§ RECORDED DATA
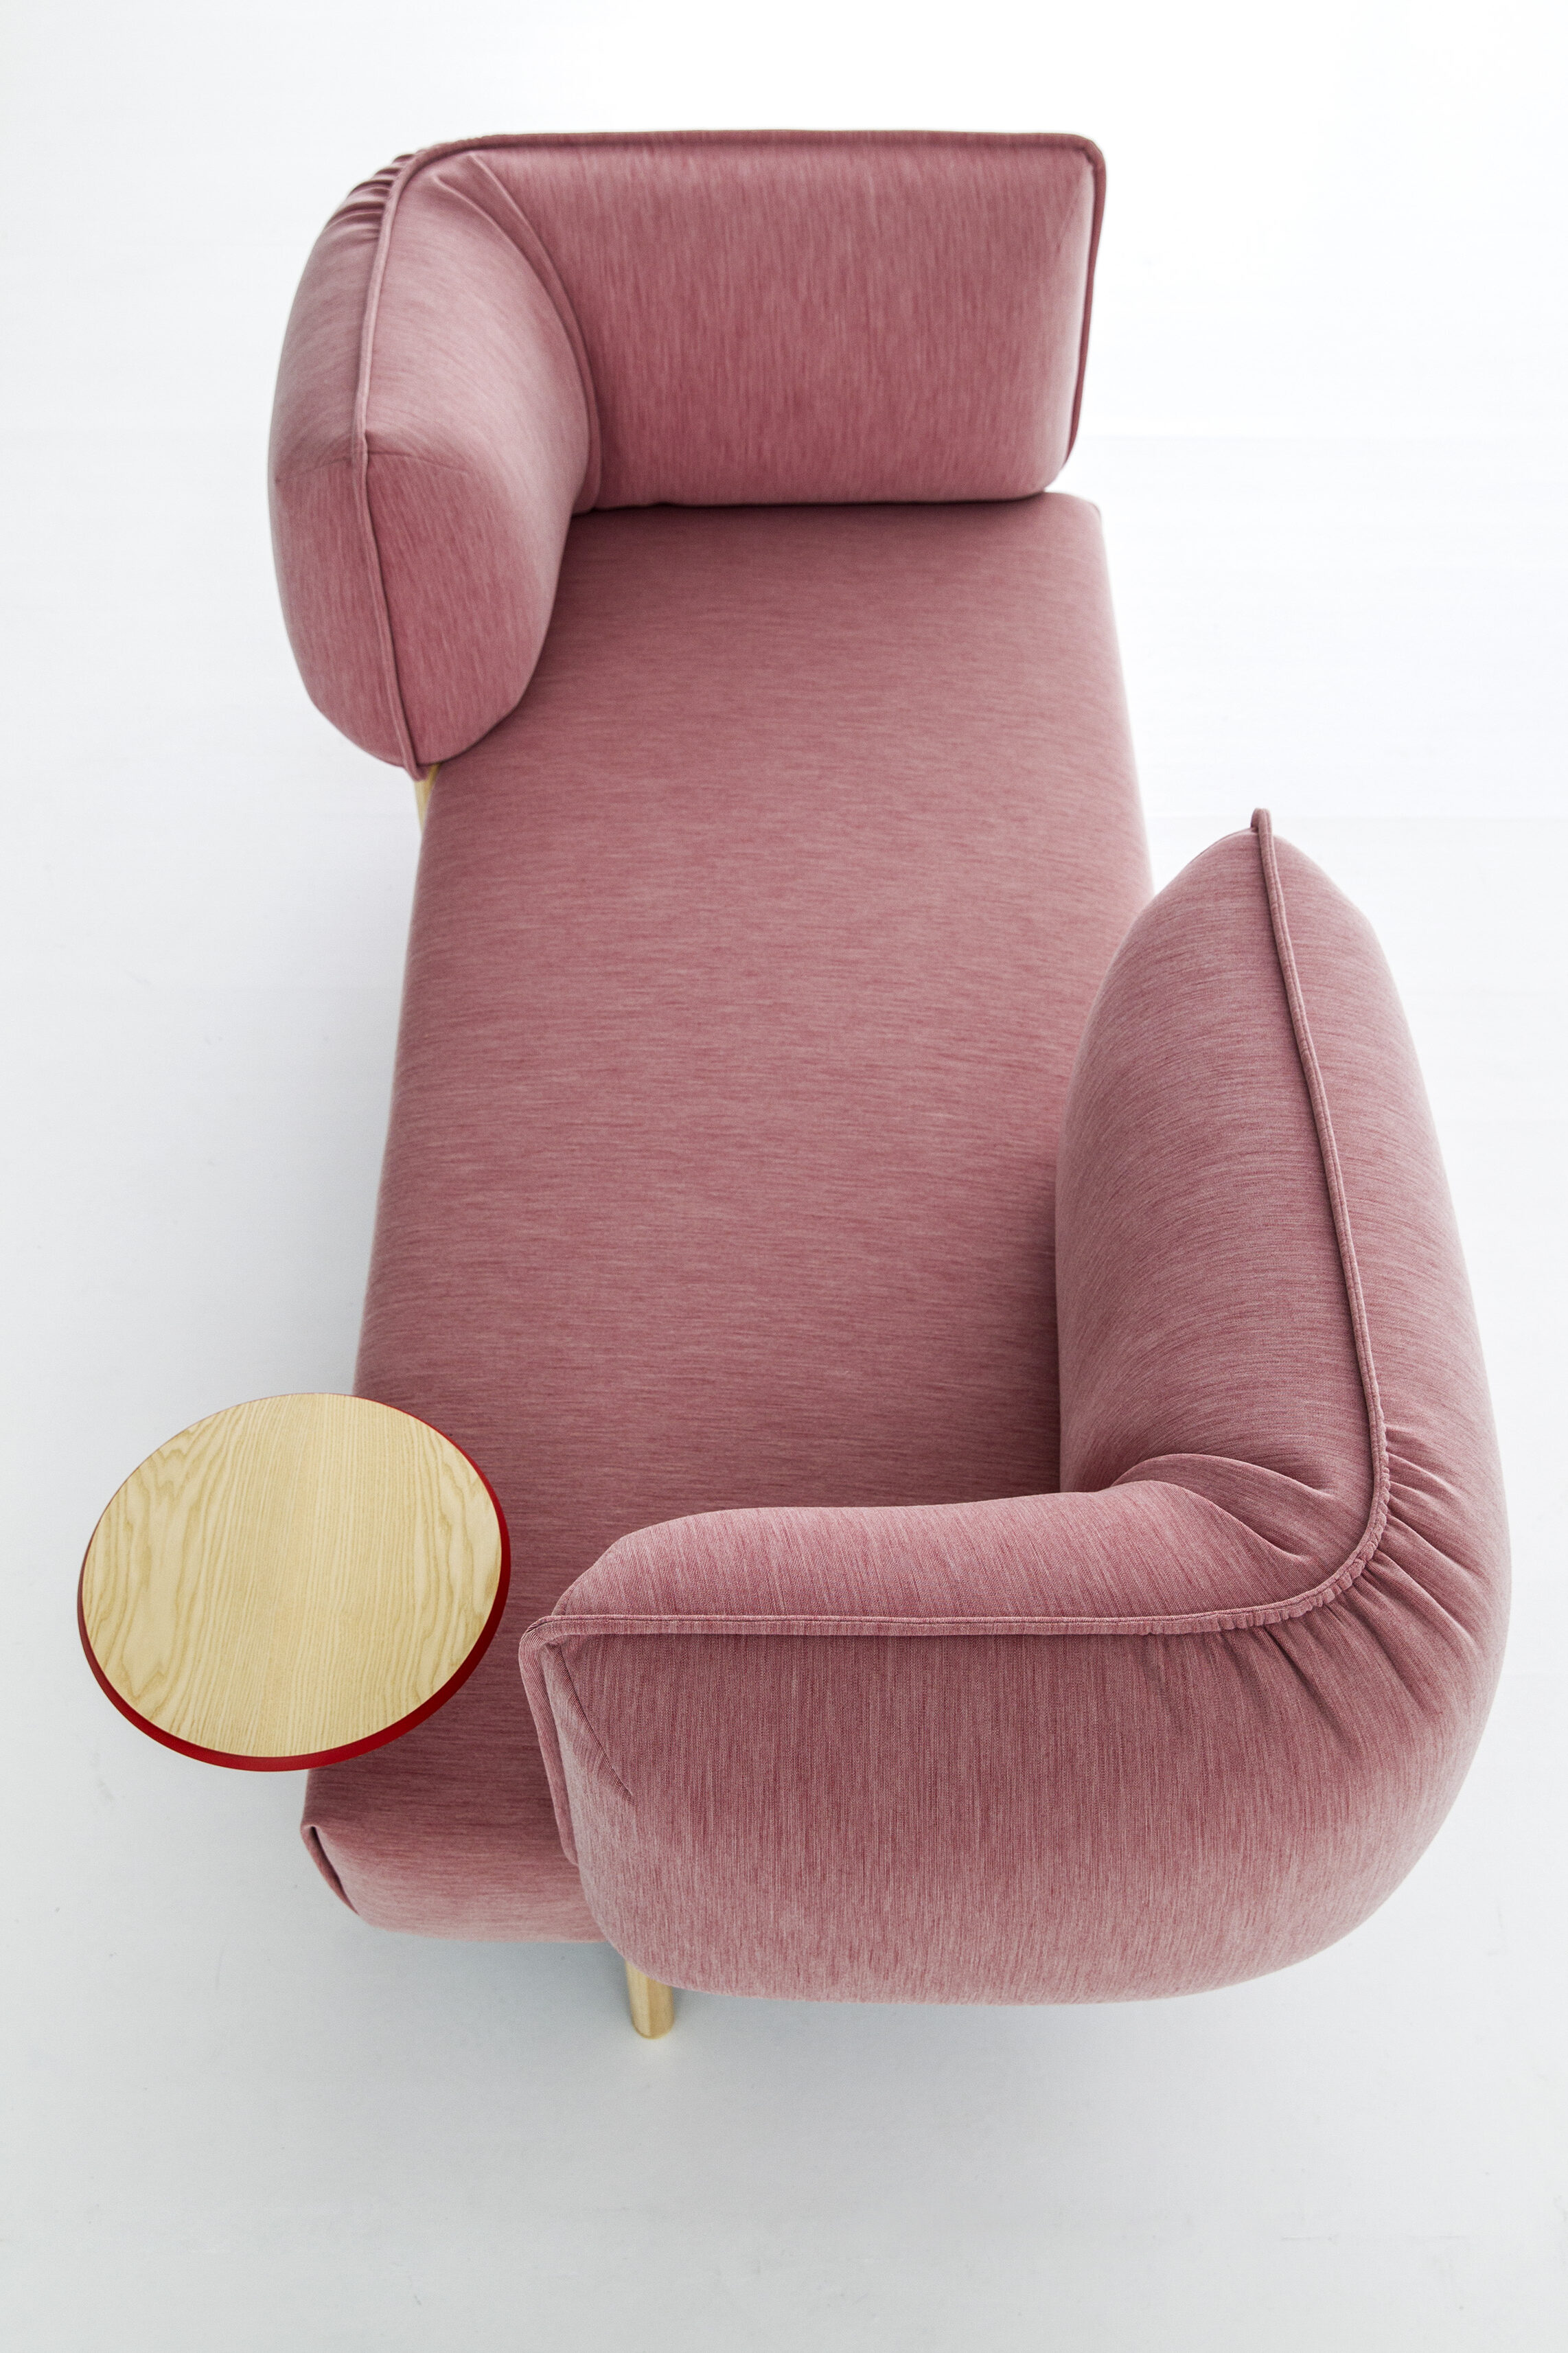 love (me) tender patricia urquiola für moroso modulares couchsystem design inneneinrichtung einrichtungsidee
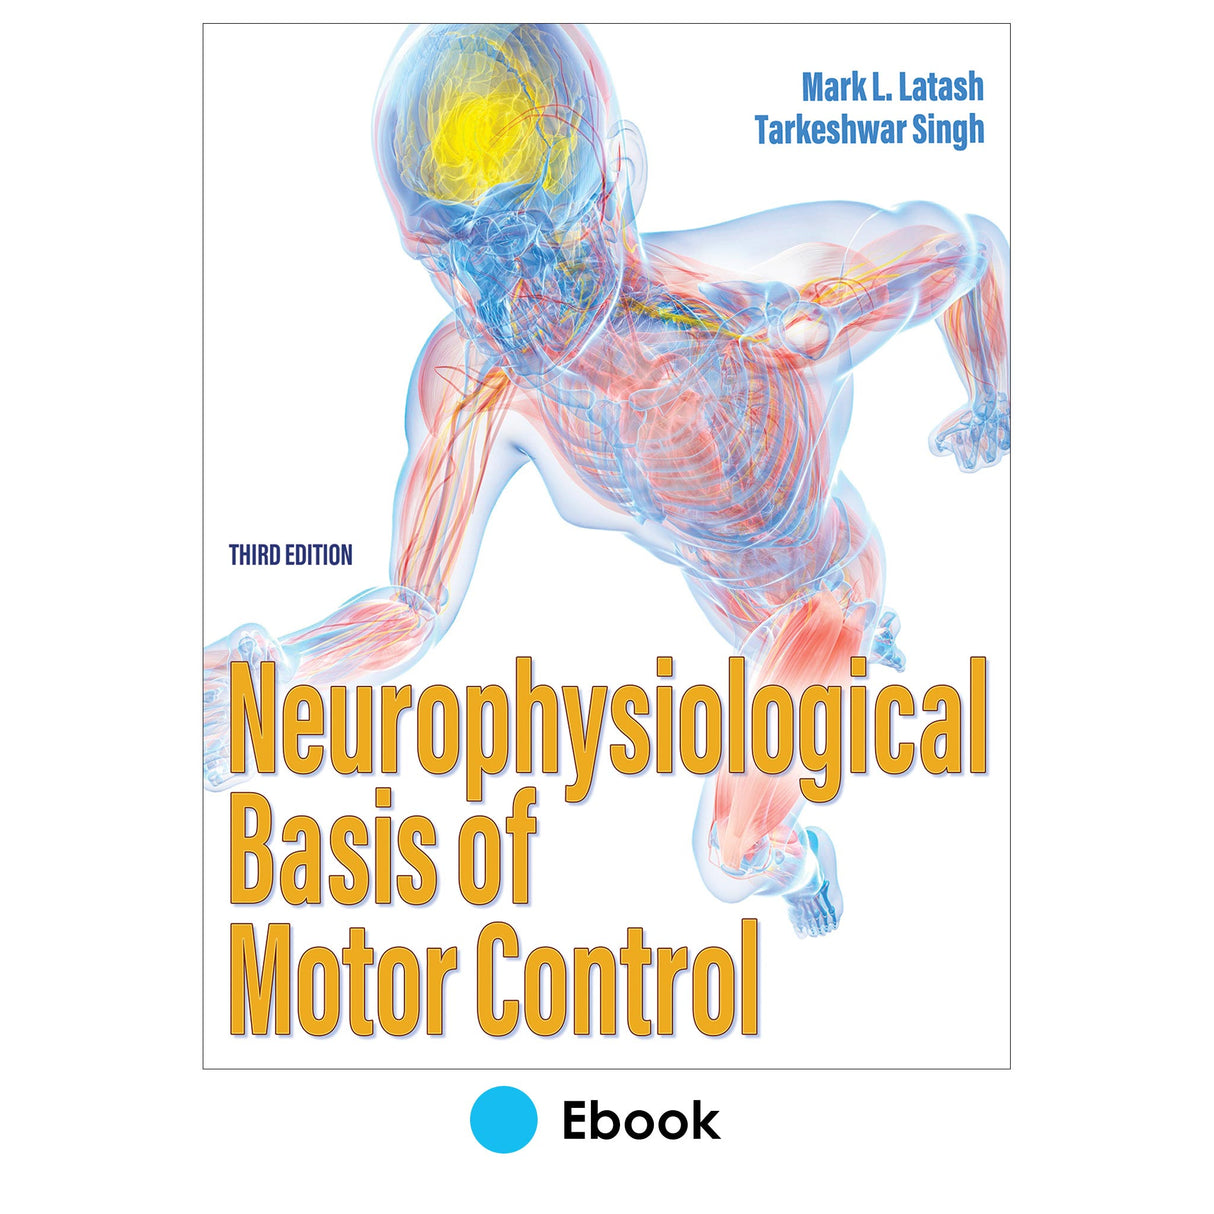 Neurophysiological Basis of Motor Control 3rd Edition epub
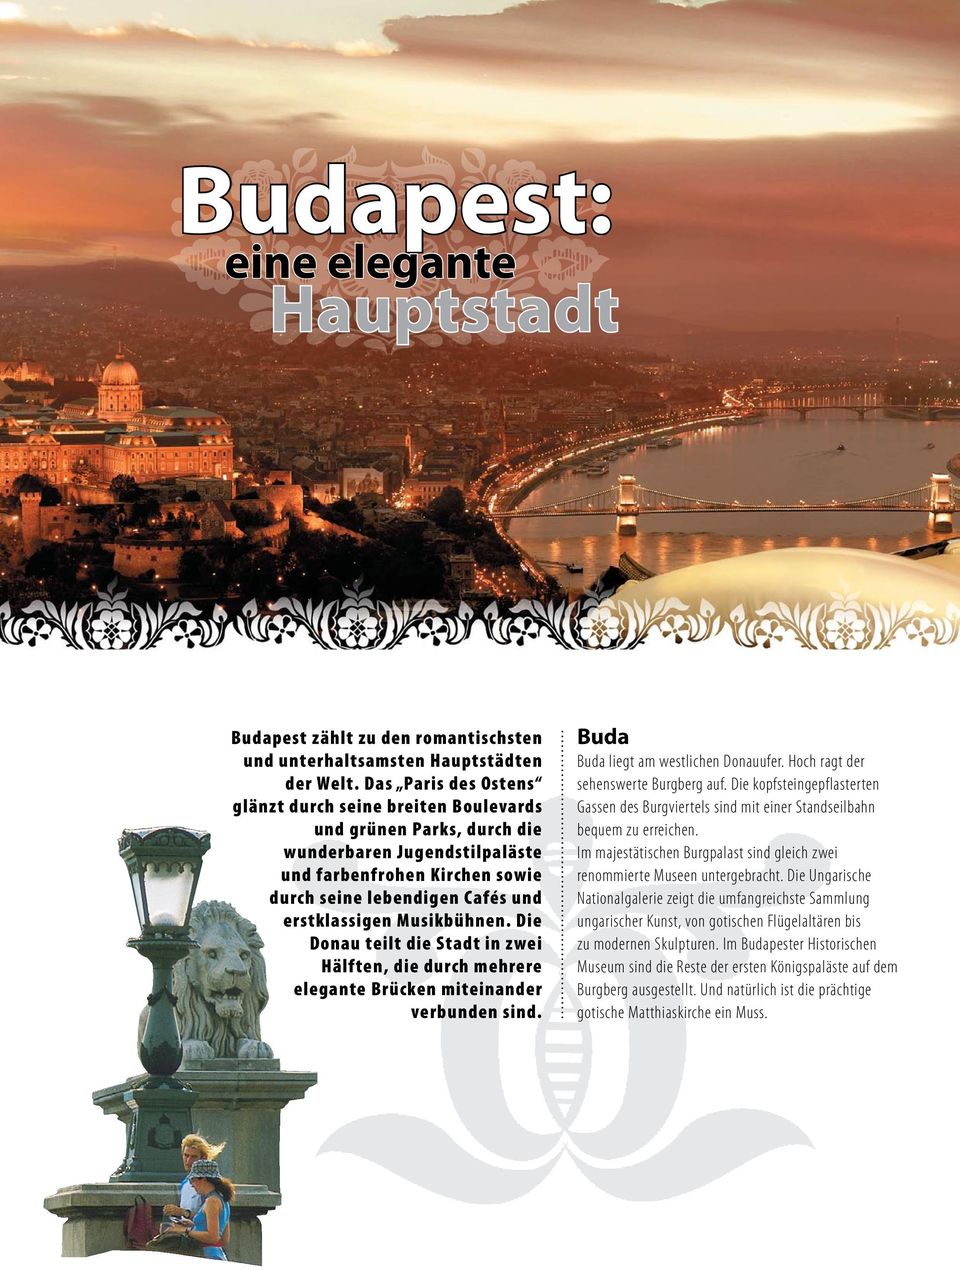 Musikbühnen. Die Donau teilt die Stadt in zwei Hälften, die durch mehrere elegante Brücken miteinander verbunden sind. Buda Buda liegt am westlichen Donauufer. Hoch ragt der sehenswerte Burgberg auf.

§ YOUR TASK
Repeat every line above exactly, but omit all images.

§ RESPONSE TO THIS TASK
 love (me) tender patricia urquiola für moroso modulares couchsystem design inneneinrichtung einrichtungsidee
 Neurophysiological Basis of Motor Control 3rd Edition epub
 Musikbühnen. Die Donau teilt die Stadt in zwei Hälften, die durch mehrere elegante Brücken miteinander verbunden sind. Buda Buda liegt am westlichen Donauufer. Hoch ragt der sehenswerte Burgberg auf.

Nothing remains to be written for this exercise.